I have read many very positive comments here about RSP's and their "handler-ability". However, for one example, they are described as "tend(ing) to bite with some regularlty" in _An Introduction to Keeping and Breeding Australian Reptiles. _So just how "bitey" would you say they are, in general?


----------



## girdheinz (Jun 2, 2012)

They can be a little snappy as hatchlings like any other Morelia but settle into puppy dog adults. They are one of the most gentle python I've ever owned. I've bred around 80 of them and been keeping them since 2006

Cheers Gird


----------



## StellaDoore (Jun 2, 2012)

Like any of the pythons it does come down to individuals. I've worked with some that are super nervous and snappy, while my girl is the sweetest little snake I've ever come across. That's not just me playing favourites because she's mine, she is actually the calmest baby I've encountered.
I've had some people say that I'm brave keeping a roughie, while others have bred hundreds (okay, maybe not _hundreds_​ but a few!) and never copped a bite.
Not wanting to hijack the thread or anything, but has anyone been bitten by a roughie? I've heard they can get you good coz of they're large teeth.


----------



## girdheinz (Jun 2, 2012)

I'd like to meet the people you say who have bred hundreds lol, that could only be John Weigel. They earnt a reputation for being snappy because of one incident when Brisn Barcyk got torn apart by one at the Wild Expo at Sydney. 

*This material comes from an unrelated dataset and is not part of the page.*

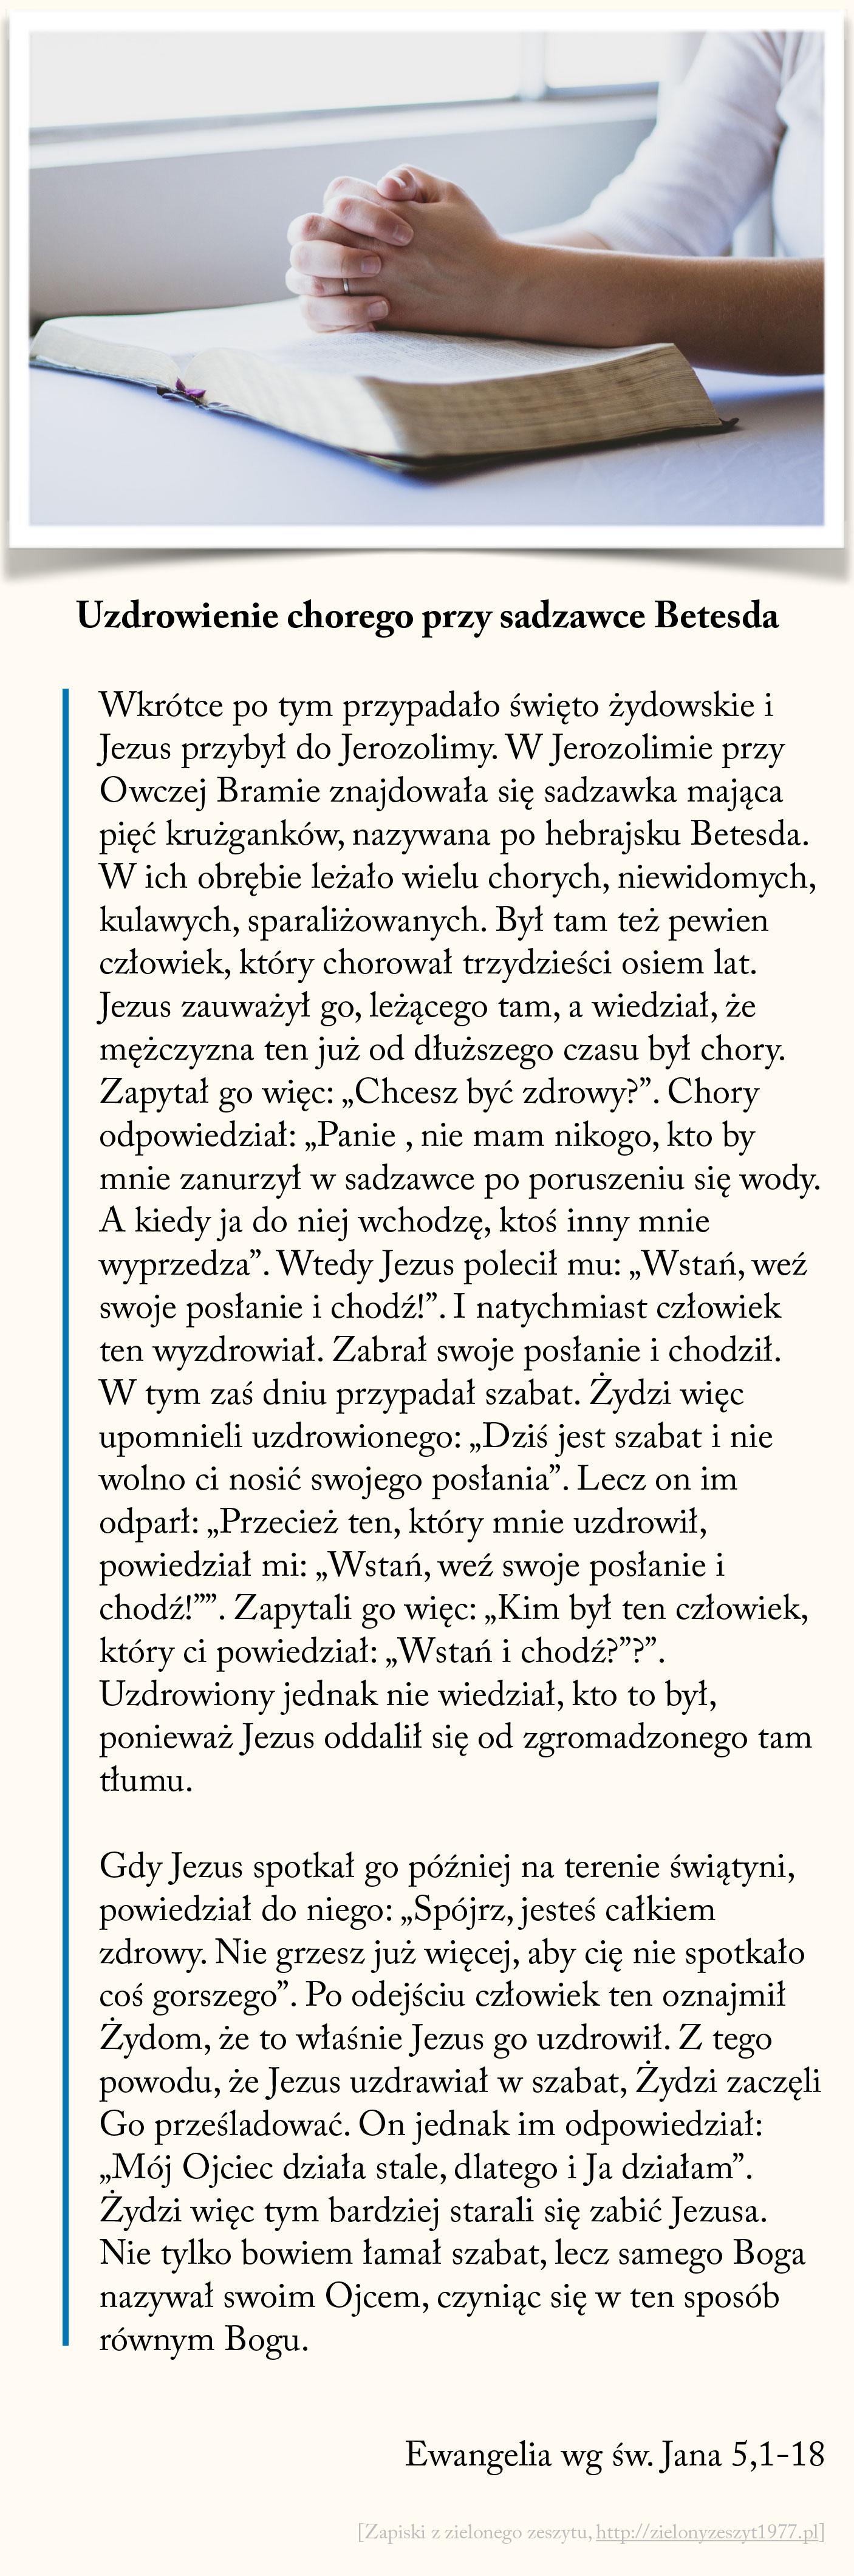 Uzdrowienie chorego przy sadzawce Betesda, Ewangelia wg św. Jana
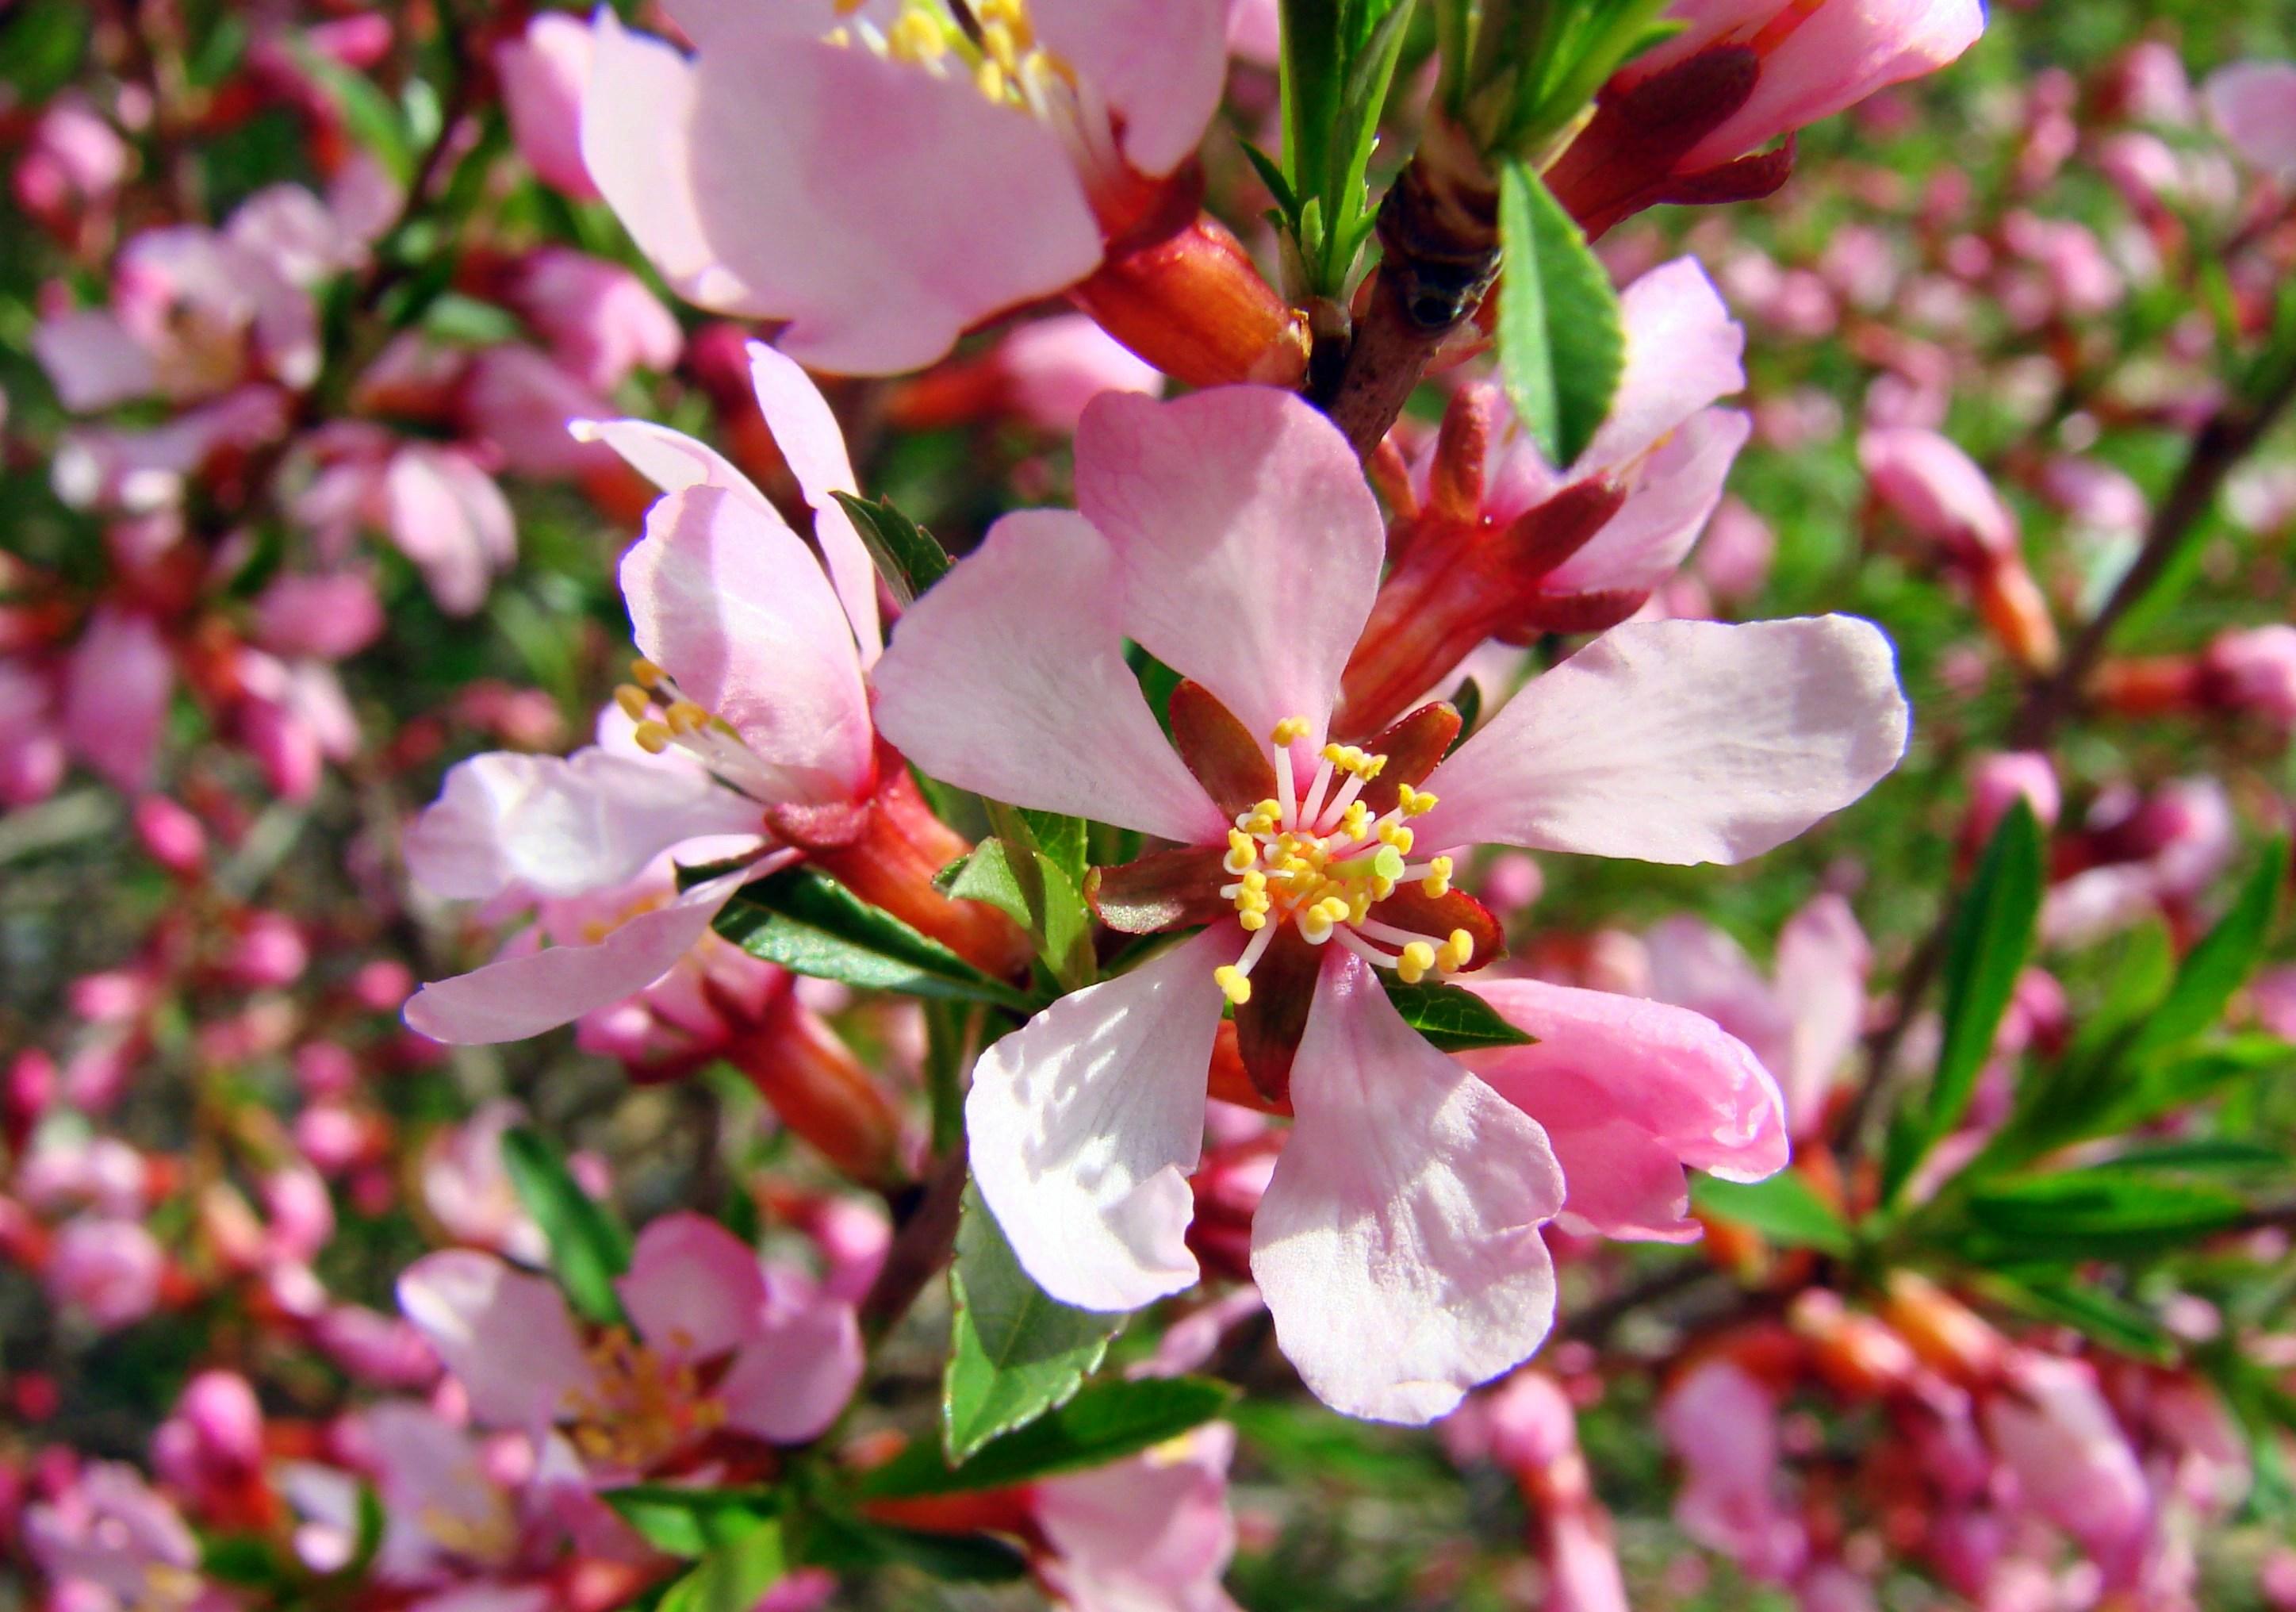 Один раз в год сады цветут...(с). Блиц: весна!

I knew at the time that one incident would change people's opinions of them because it was filmed and publicised. That was really a one off.

Ive had one bad feeding bite when an adult sprang out from a hide cave. It was messy but nothing like a scrubby.


----------



## Channaz (Jun 2, 2012)

Thanks for this feedback, it's all very interesting.

And by the way, I think they are a fantastic snake. Regardless of temperament, I intend to keep at least one at some point in the not too distant future.


----------



## Carnelian (Jun 2, 2012)

I don't have much experience with these guys but I do have one little guy that I got last August as an advanced hatchy. He is the sweetest little fella ever & has never bitten or struck since we have had him, hasn't even pulled back into strike stance. In all the research I did, everyone says the same as girdheinz above, a little snappy as hatchies but calm down beautifully.


----------



## Wild~Touch (Jun 3, 2012)

Be calm and respectful with them and you won't have any upsets 

Exhibitionists give them an undeserved reputation

Cheers
Sandee


----------



## Channaz (Jun 3, 2012)

Thanks everyone for all of this advice. It's confirmed a few suspicions I had and definitely given me another reason to get a roughie!


----------



## hrafna (Jun 3, 2012)

i recently got a pair and i was told that i would def get bitten by them as they are hatchies, but they will calm down. well it has been 2 months now and i have yet to get a bite.


----------



## Renenet (Jun 3, 2012)

The adults I have had the pleasure of handling have been a little nervous, but none have bitten. These particular snakes are very wriggly and fast, wrapping around the nearest object when they don't want to go anywhere. I don't know if they were accustomed to handling or not when they were young 'uns, but I suspect not.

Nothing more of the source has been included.